Green renewable energy production while abandoning all other sources of energy such as natural gas and oil may be a difficult task for the U.S.
Green renewable energy conversation with WILLIAM BRANGHAM and Miles O’Brien: WILLIAM BRANGHAM: As we can see, these protests today are easily the biggest climate change demonstrations in history. As we heard, this movement is calling for a fundamental remaking of how we power our modern world. I’m joined now by our science correspondent, Miles O’Brien. Miles, walk us through some of the practicalities. If these youth activists get their way, they would like us to be, by 2030, 100 percent green renewable energy. How tough is that? MILES O’BRIEN: Well, it’s a noble goal, William, but it’s a really big stretch to imagine getting there. If you look at the slice of the pie right now that is renewables in the United States, it’s about 17 percent.
A little more than 7 percent of that is hydro, dams. There are no new rivers to dam up. A little more than 6 percent of that is wind. A little more than 1 percent is solar. In order to get rid of all the fossil fuel production, which is about 63 percent of the pie, by 2050, one of the big things you have to solve is the issue of storage, the intermittency of wind power and solar. When the sun isn’t shining and the wind isn’t blowing, you’re not generating electricity. We like to have our lights on 24/7/365.
So that’s a big issue that needs to be addressed. And exclusive production of green renewable energy raises questions about where does nuclear power fits in the mix? WILLIAM BRANGHAM: Today, coincidentally, is a rather remarkable day in American U.S. nuclear history, because, as we saw, Three Mile Island, the infamous plant in Pennsylvania from that accident that happened in 1979, closed up shop today, permanently shuttered. Can you remind us of what happened back in ’79 with Three Mile Island and how that impacted U.S.
Nuclear policy? MILES O’BRIEN: Yes, it’s an interesting coincidence, or irony, whatever you like. March of 1979, the Three Mile Island Unit 2, through a combination of mechanical problems and human error, had a partial meltdown. In the end, only a small amount of radiation was released. I think the estimate was, people within a 10-mile radius would see the equivalent of a chest X-ray after it happened. But it changed the thinking about nuclear in a fundamental way. There was growing concern about nuclear. And, interestingly, about three weeks prior to the Three Mile Island incident, a movie, a very popular one, called “The China Syndrome,” came out, which portrayed an evil corporation cutting corners, leading to a meltdown at a California nuclear power plant. So, in this case, life imitated art. And, frankly, the public, I think, conflated those two events. Of course, subsequent to that, you had Chernobyl, more recently, Fukushima. People get scared about nuclear. WILLIAM BRANGHAM: And what did that do as far as our building out of nuclear? Like, how much do we rely on nuclear power today? MILES O’BRIEN: Well, right now, it’s just a little below 20 percent.

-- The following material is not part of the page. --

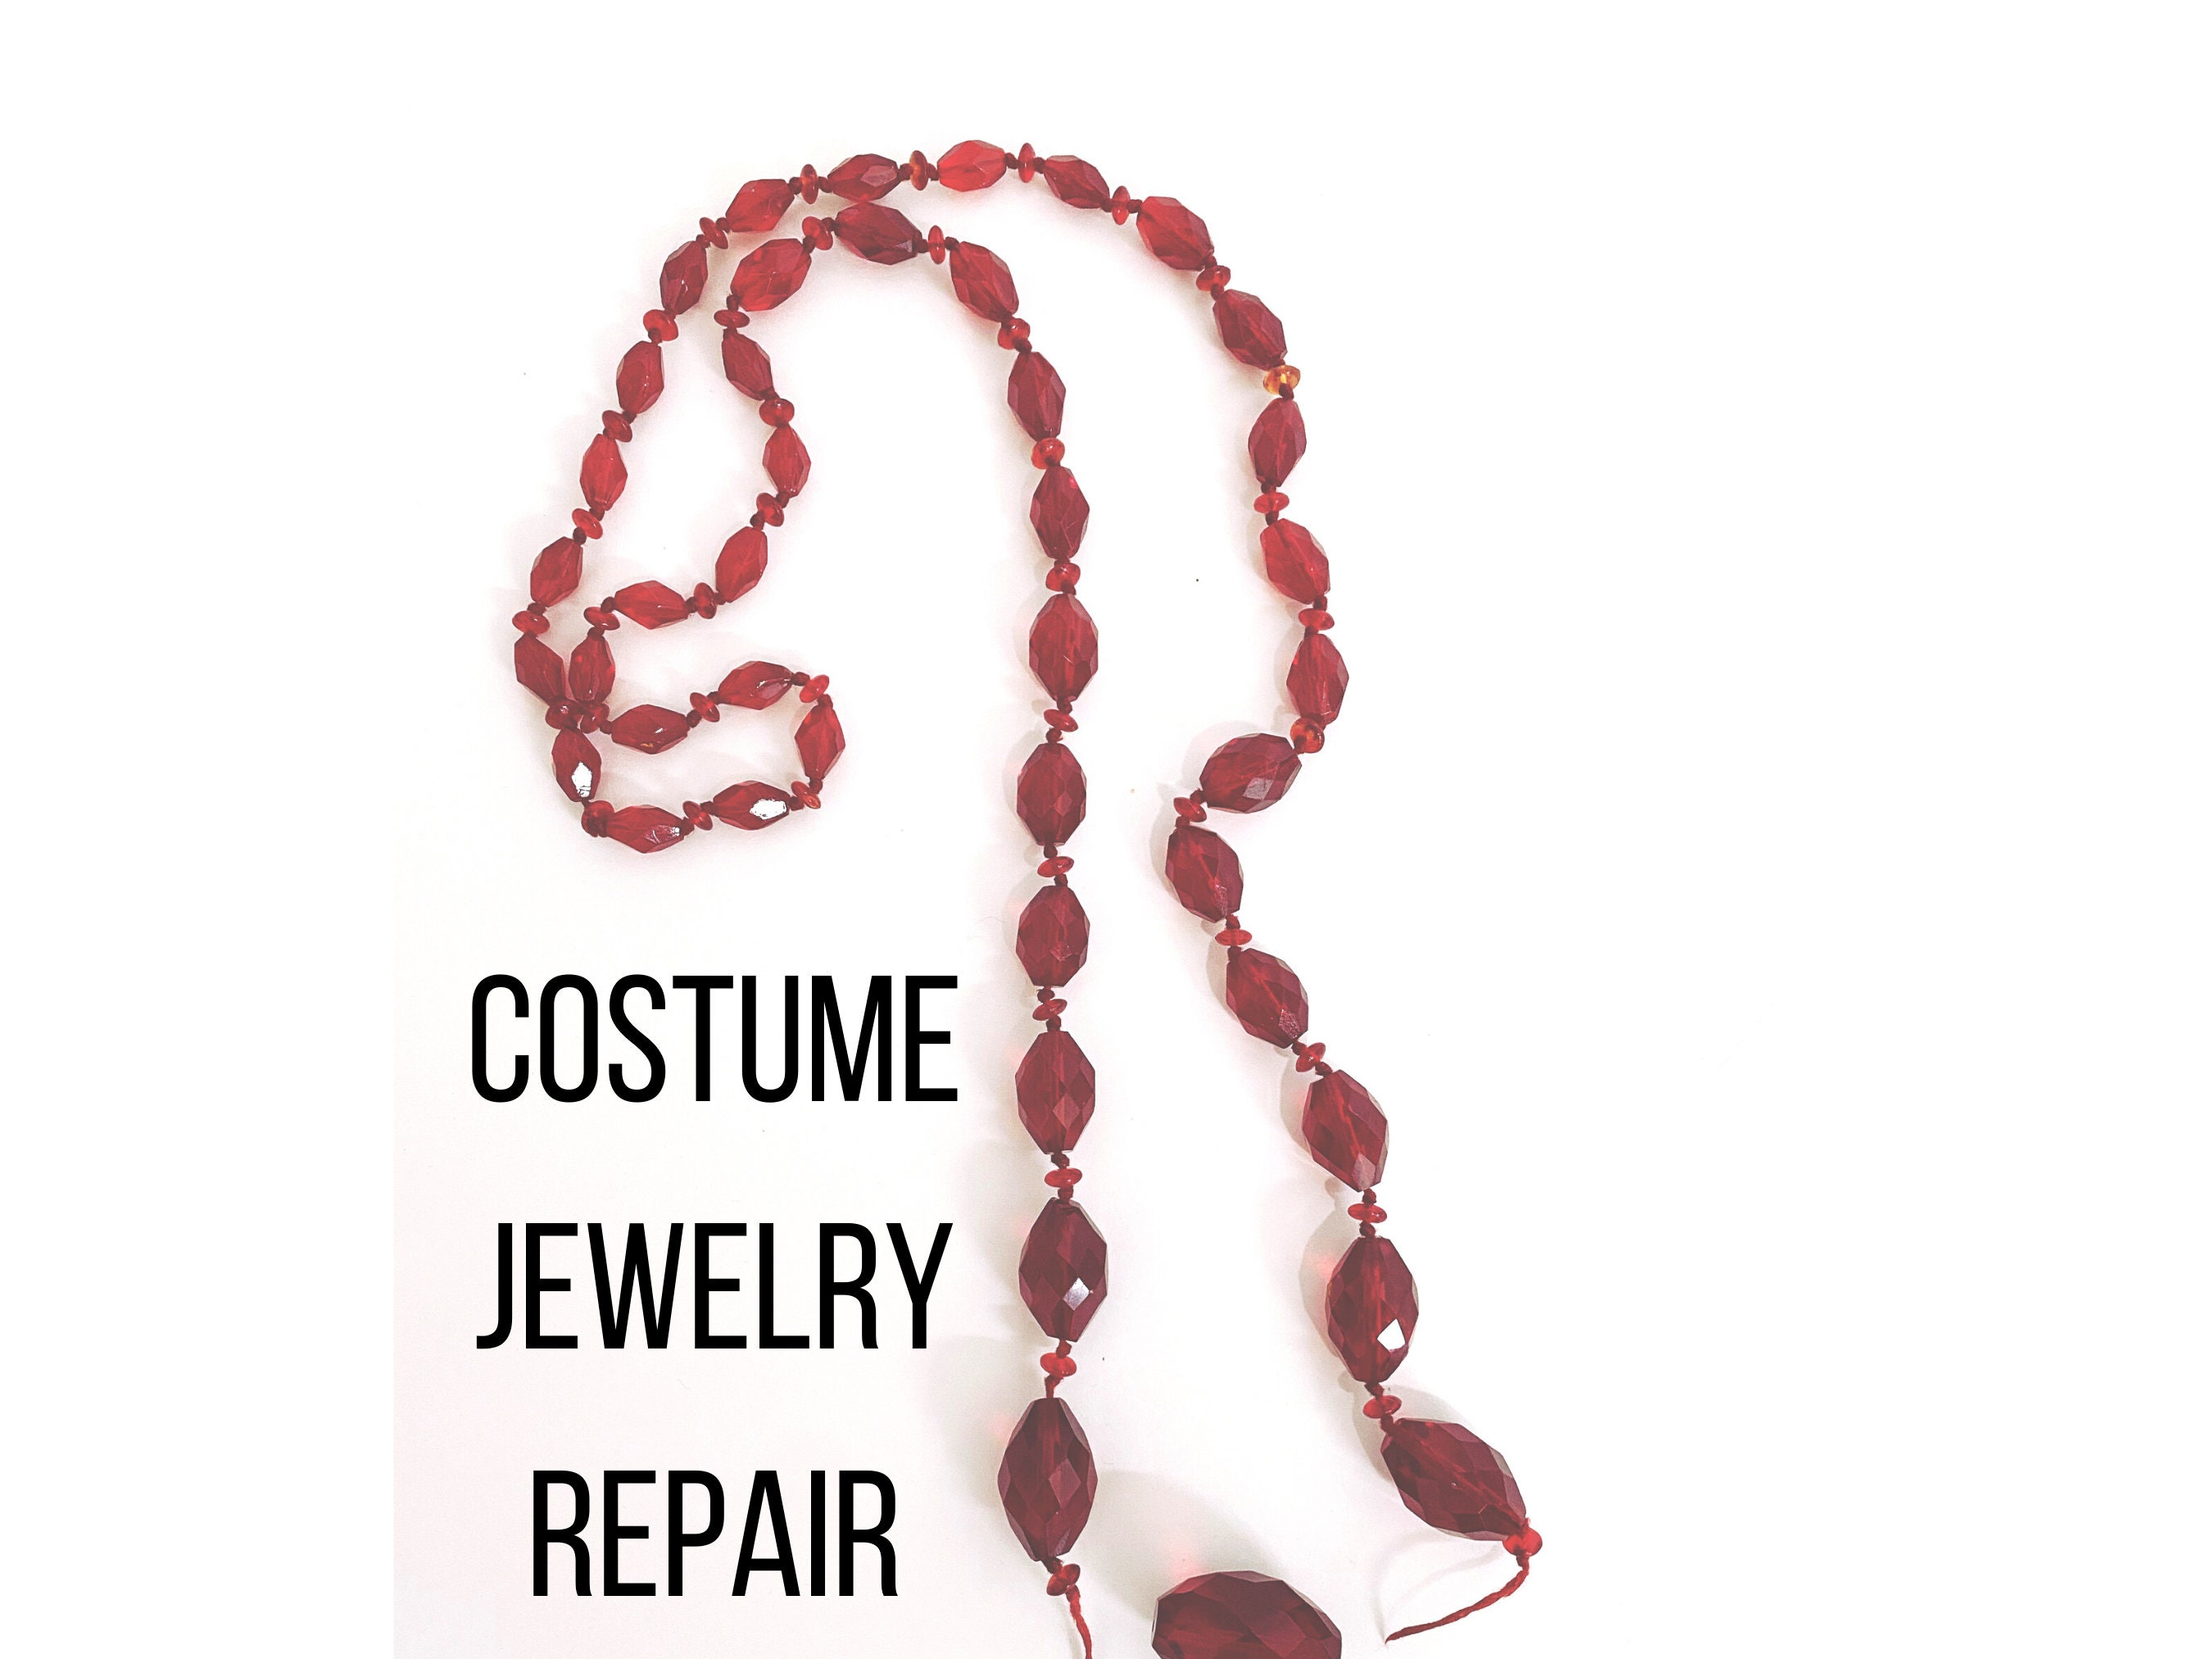 Jewelry Repair Service, Restring Jewelry, Remake Old Vintage

But the plants are closing precipitously. We have had — since 2013, eight of them have come offline. In the next few years, it’s projected to be at least another seven. So that 19 percent piece of the pie that is nuclear is slated to drop to about 12 percent. Now, of course, what’s replacing it, mostly fracked natural gas, which is on the rise. Renewables are on the rise too. But a lot of people would say that, if you want to address this carbon issue, which these young people are all about, you need to keep nuclear in the mix, at least in the short term, because these plants are not being replaced necessarily by zero-carbon alternatives. WILLIAM BRANGHAM: There are other nuclear proponents, Bill Gates among them, who was in D.C. recently lobbying for billions of dollars to be spent on a new generation of these nuclear plants. What happened with that effort? MILES O’BRIEN: It’s not easy. The average age of a nuclear plant is 39 years right now in the United States. The technology has kind of been frozen in time. Bill Gates is investing in a technology called TerraPower, which is sodium-cooled, not water-cooled.
It has some inherent safety capabilities. The company wanted to build its first plan in China, but, on the 1st of the year, with the trade war that the Trump administration engaged in with that country, those plans were scuttled. There’s one other company, NuScale, that is building these small modular water-cooled reactors. And there’s a plant that is in stages of being permitted which will be built in Idaho. That has some inherent safety features as well. A lot of people would tell you that there is a whole new generation of nuclear out there that has many more safety features in it than the current fleet, and it’s time now to put some investment in those. WILLIAM BRANGHAM: All right, Miles O’Brien, our science correspondent, thank you very much. MILES O’BRIEN: You’re welcome.